Start of SOURCE DATA

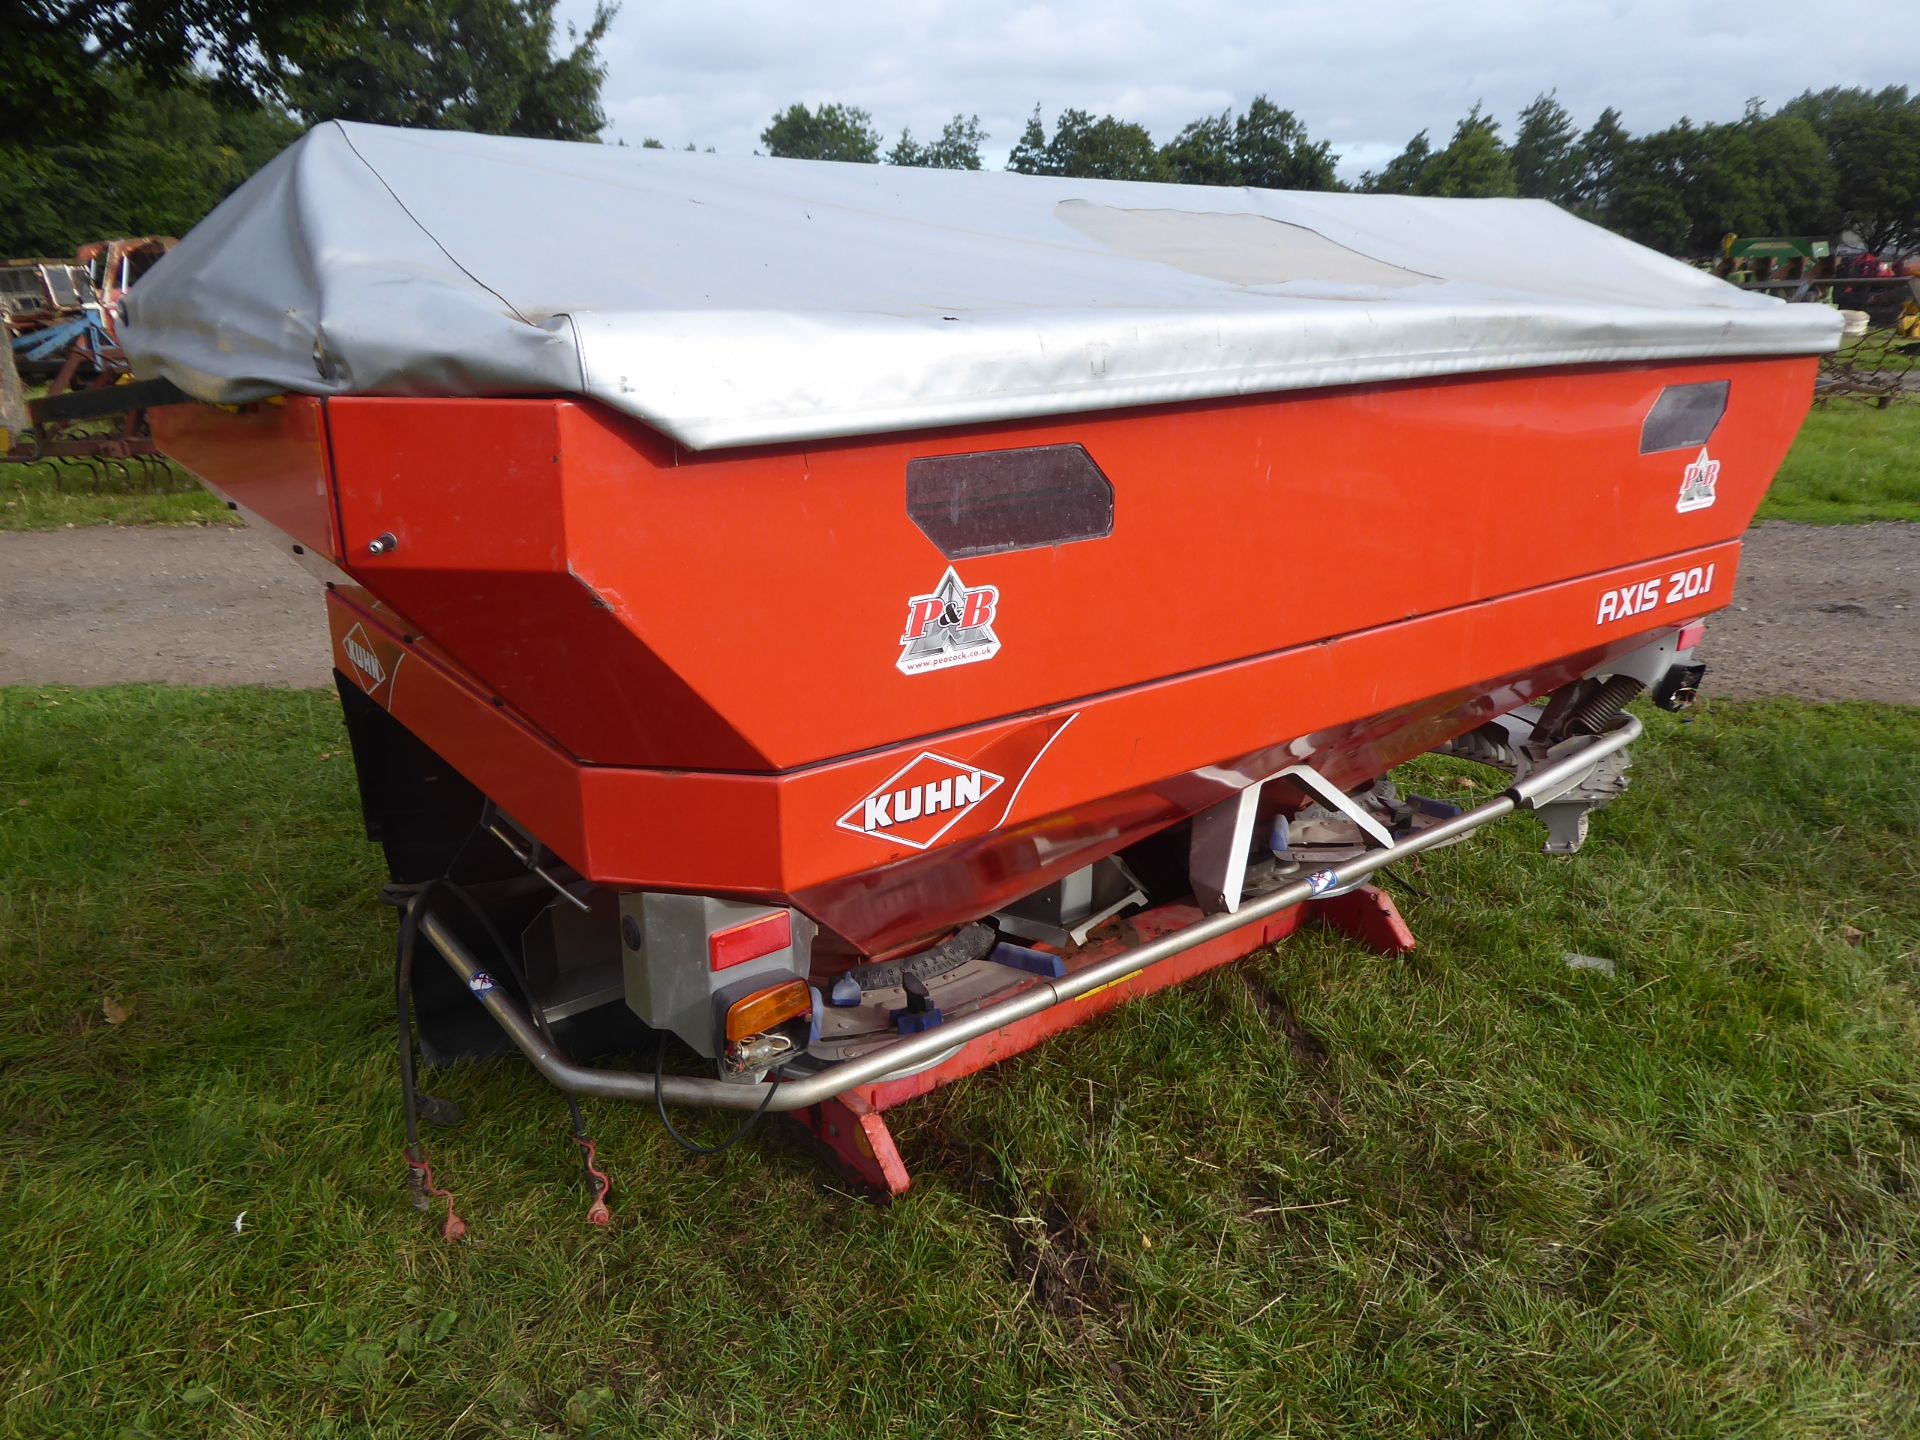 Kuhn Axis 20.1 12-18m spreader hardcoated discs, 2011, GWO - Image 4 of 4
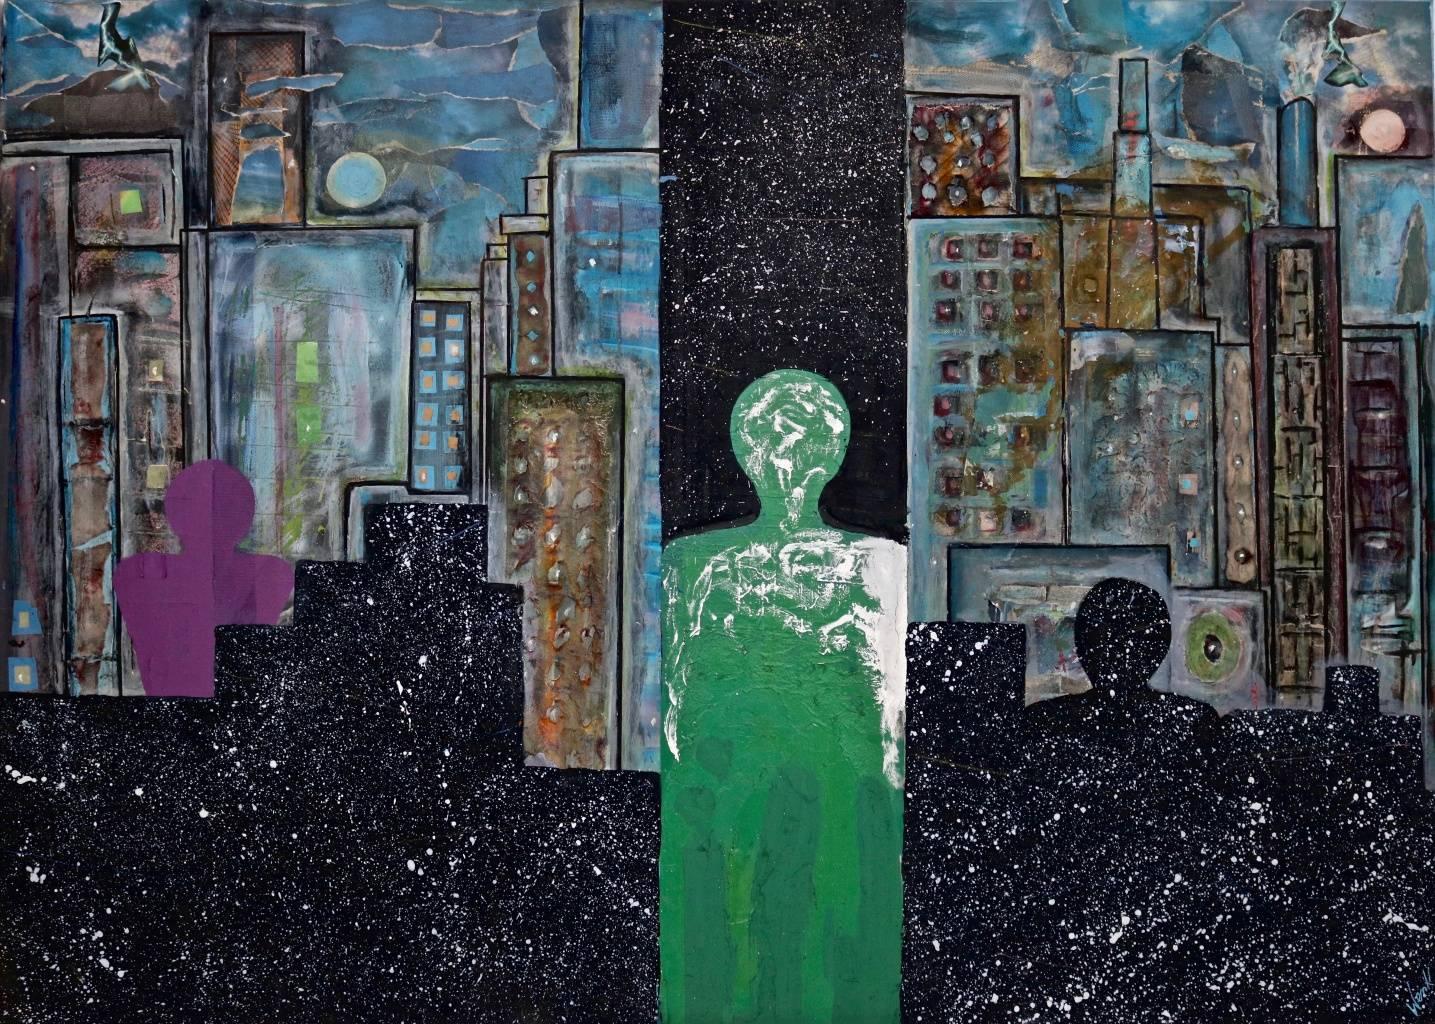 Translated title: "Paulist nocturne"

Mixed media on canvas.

End of SOURCE DATA

WORK TO COMPLETE — Exclude every picture, then reproduce the remaining data character for character.

RESPONSE BOX —
 Kuhn Axis 20.1 12-18m spreader hardcoated discs, 2011, GWO - Image 4 of 4
 Translated title: "Paulist nocturne"

Mixed media on canvas.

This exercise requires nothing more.